**YOUR INSTRUCTIONS**
Reproduce the listing in full, pictures excluded.

**DATASET EXCERPT**
- - - - -

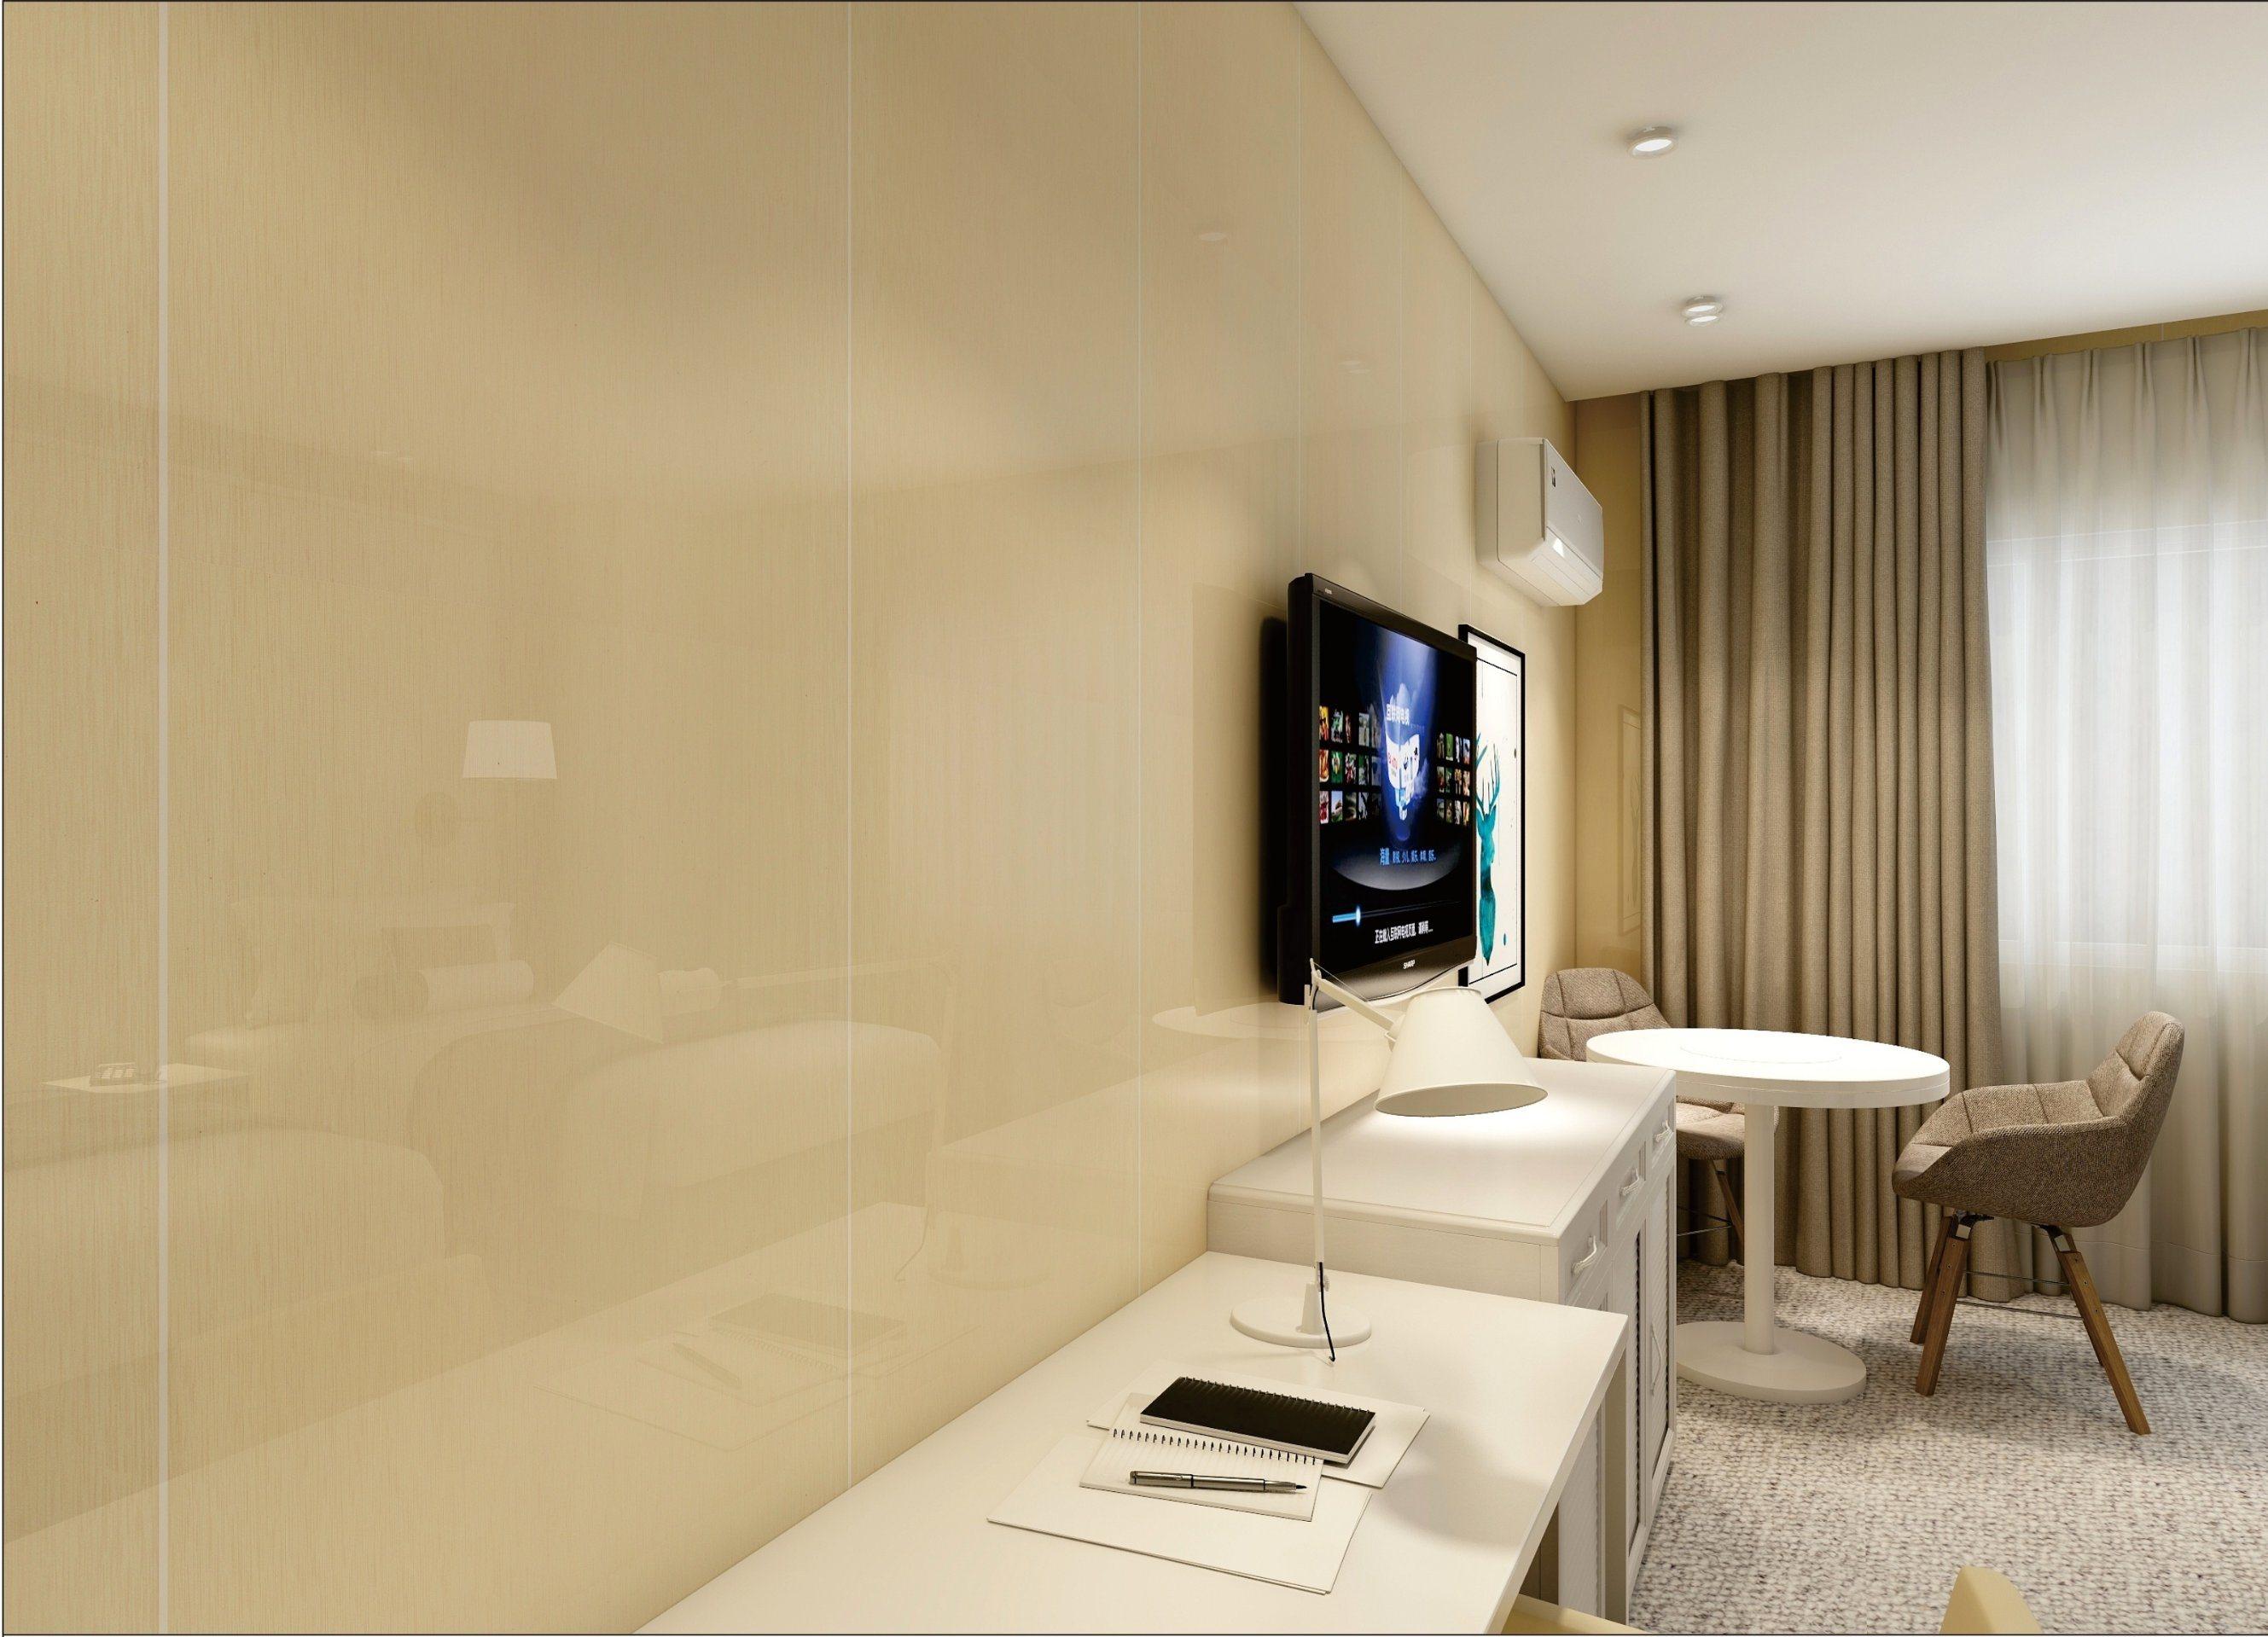 China Decorative Thermal Wall Panels, Decorative Thermal Wall Panels ...
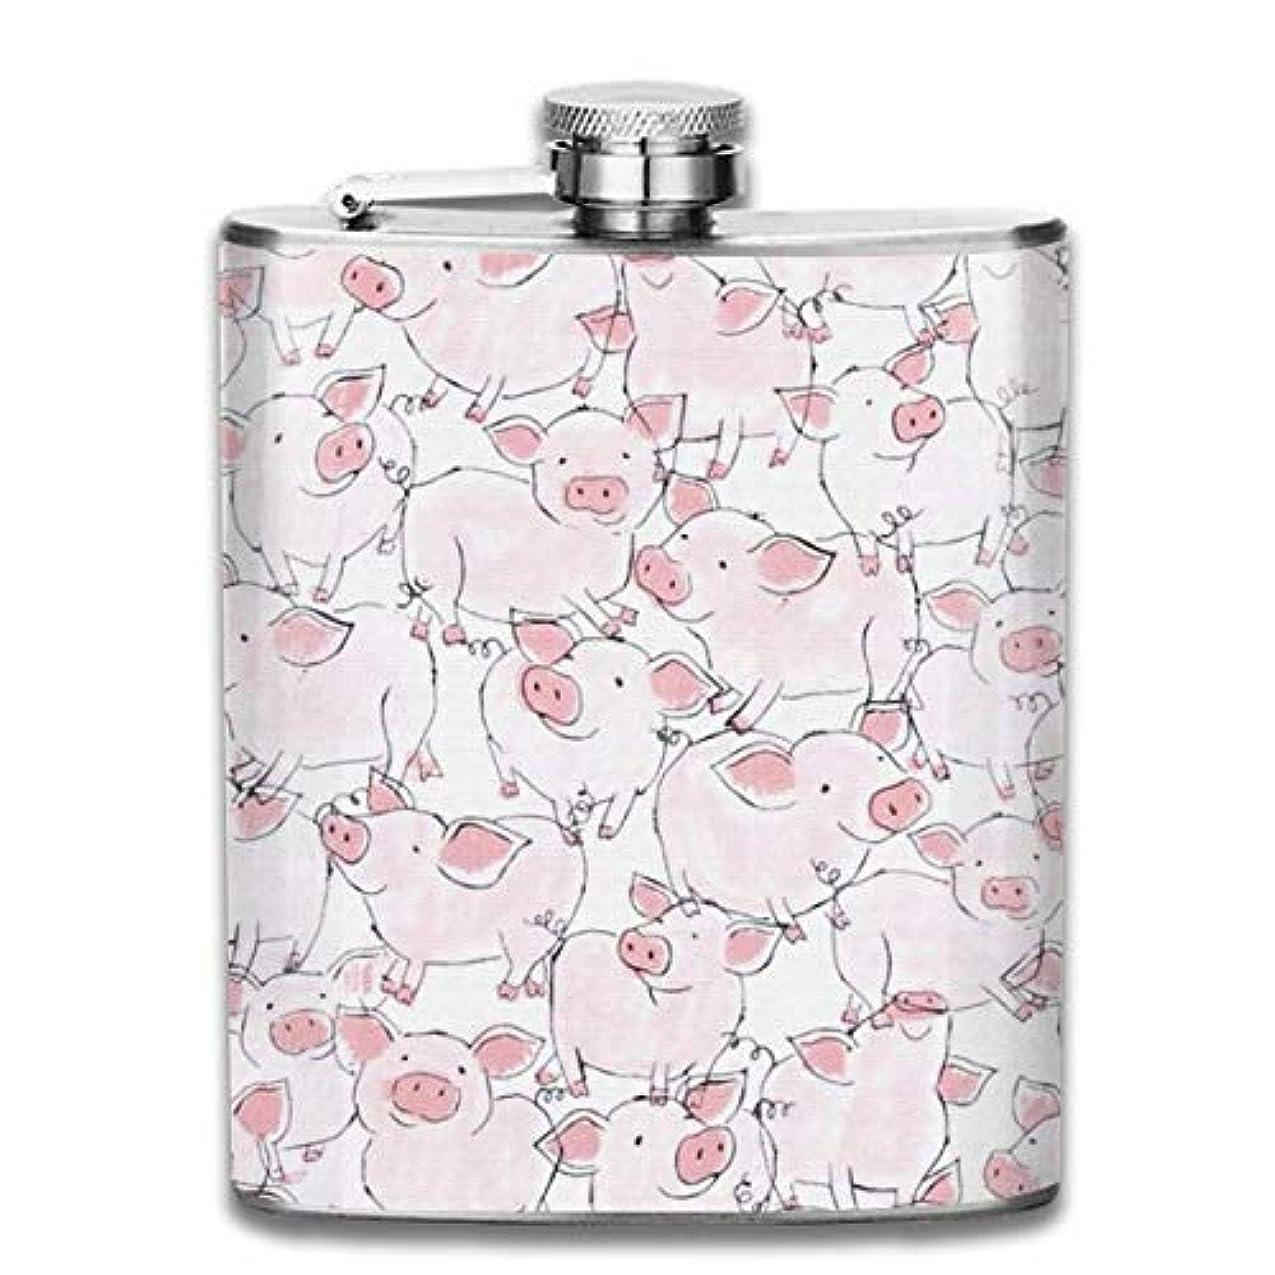 クラシカル紀元前登録するピンクの豚フラスコ スキットル ヒップフラスコ 7オンス 206ml 高品質ステンレス製 ウイスキー アルコール 清酒 携帯 ボトル
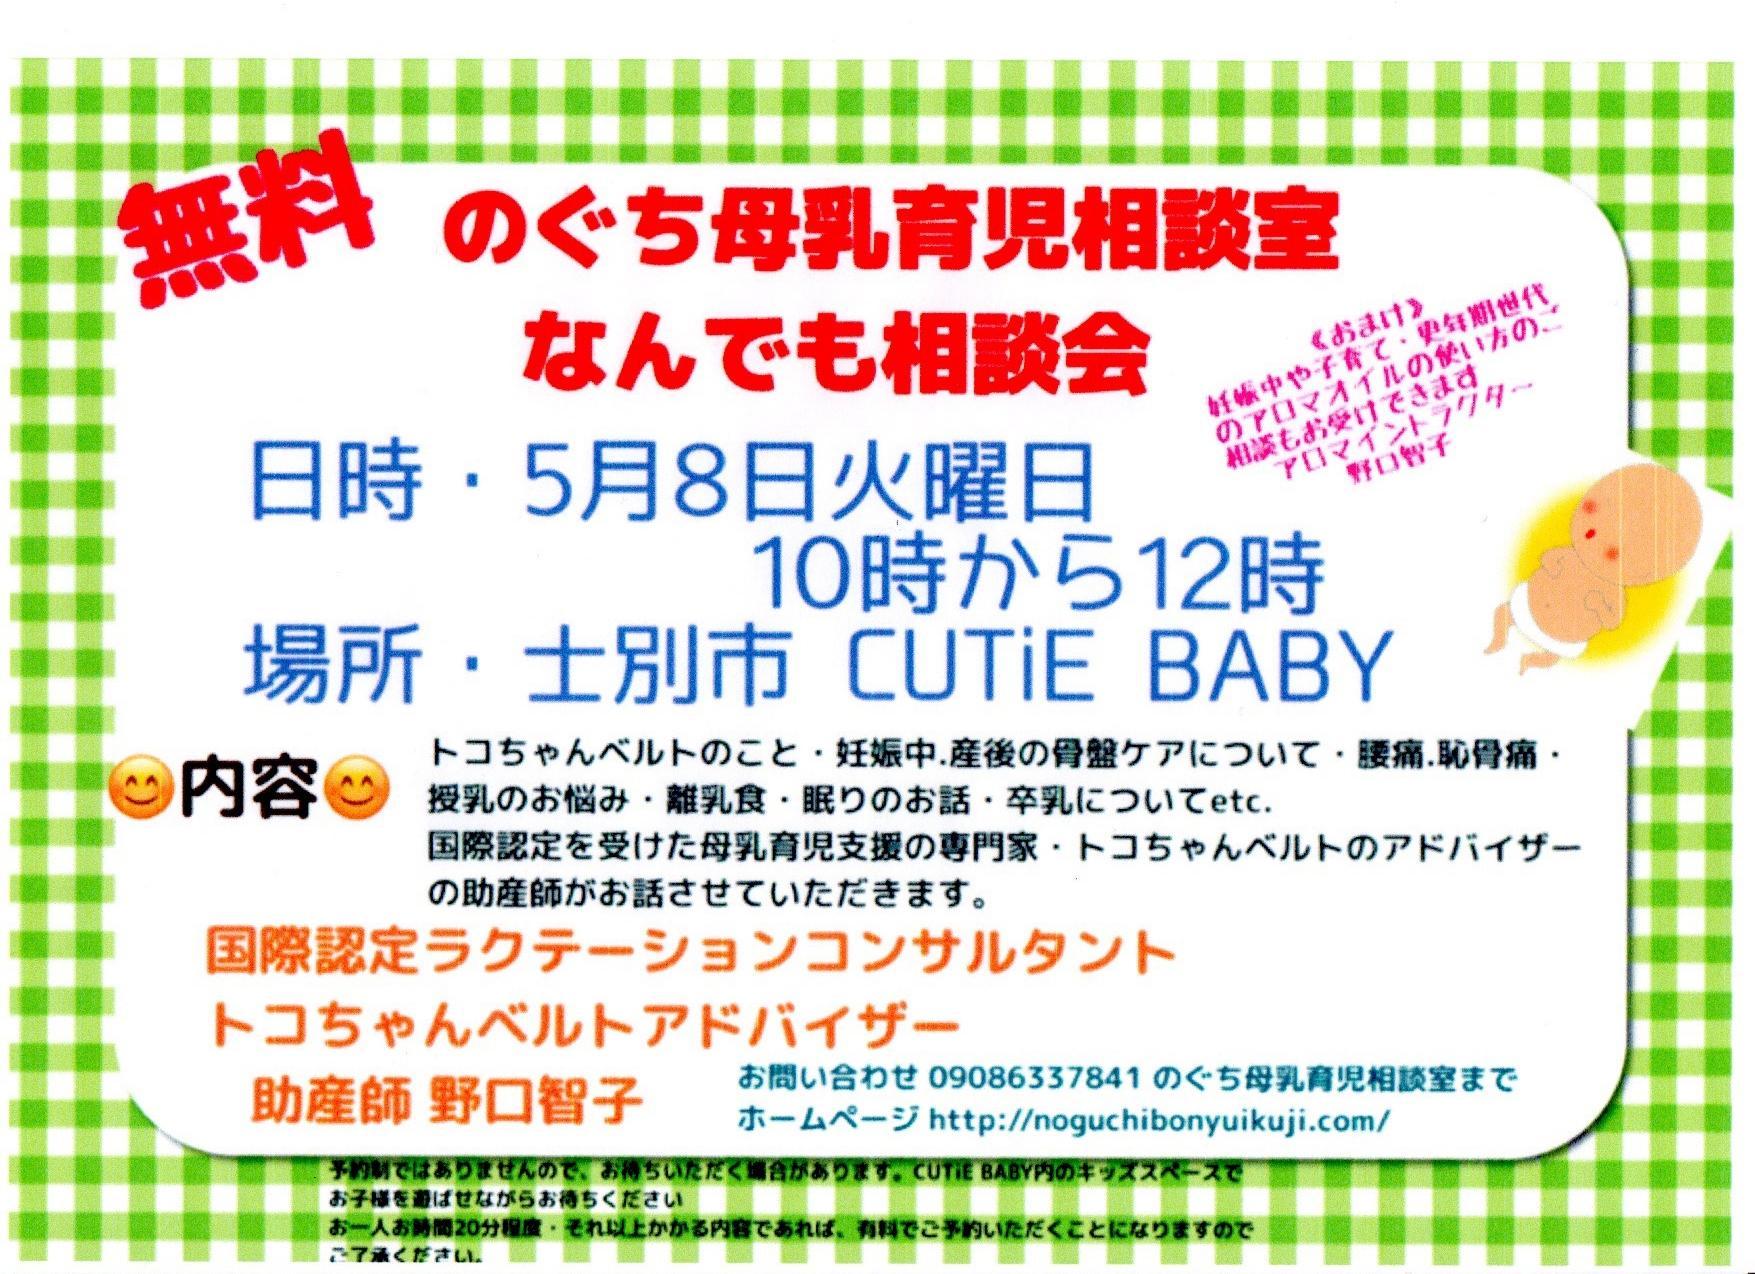 士別市 CUTiE BABY 無料育児相談会
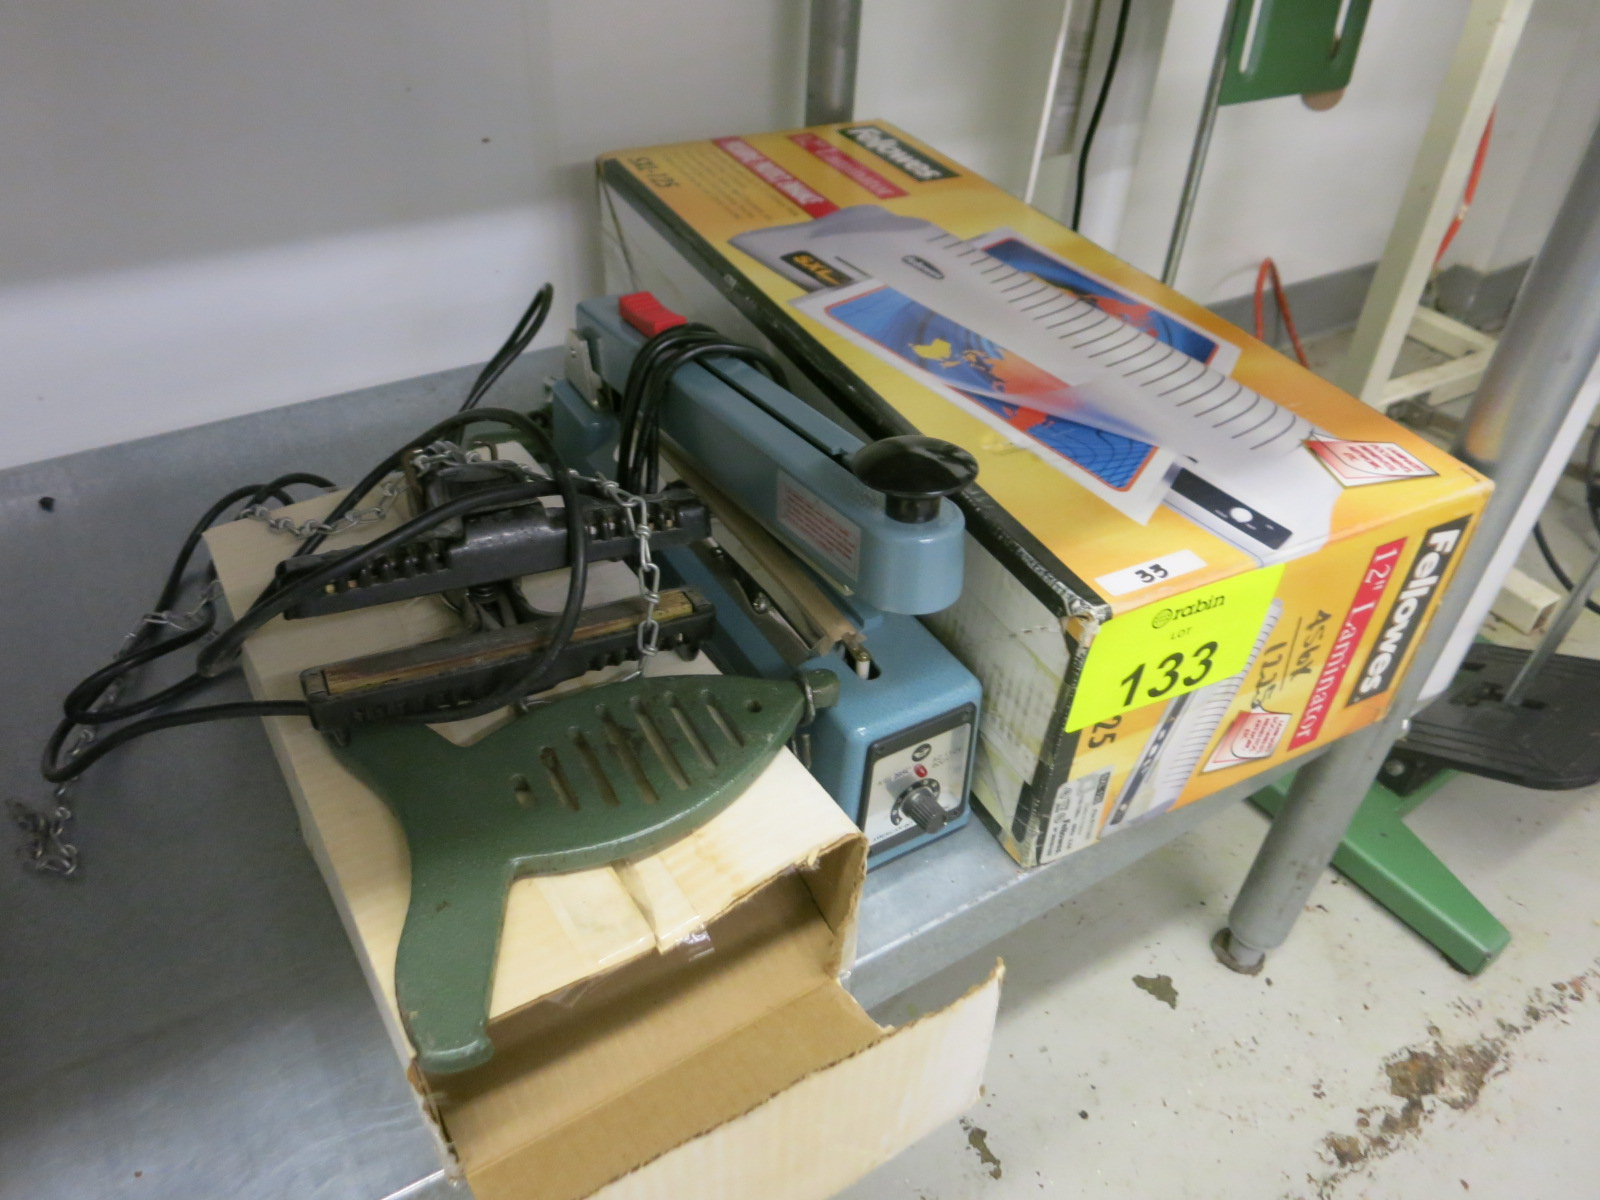 Lot 133 - Bar Sealers and Laminator

- - - - -

**RESPONSE**
 China Decorative Thermal Wall Panels, Decorative Thermal Wall Panels ...
 クラシカル紀元前登録するピンクの豚フラスコ スキットル ヒップフラスコ 7オンス 206ml 高品質ステンレス製 ウイスキー アルコール 清酒 携帯 ボトル
 士別市 CUTiE BABY 無料育児相談会
 Lot 133 - Bar Sealers and Laminator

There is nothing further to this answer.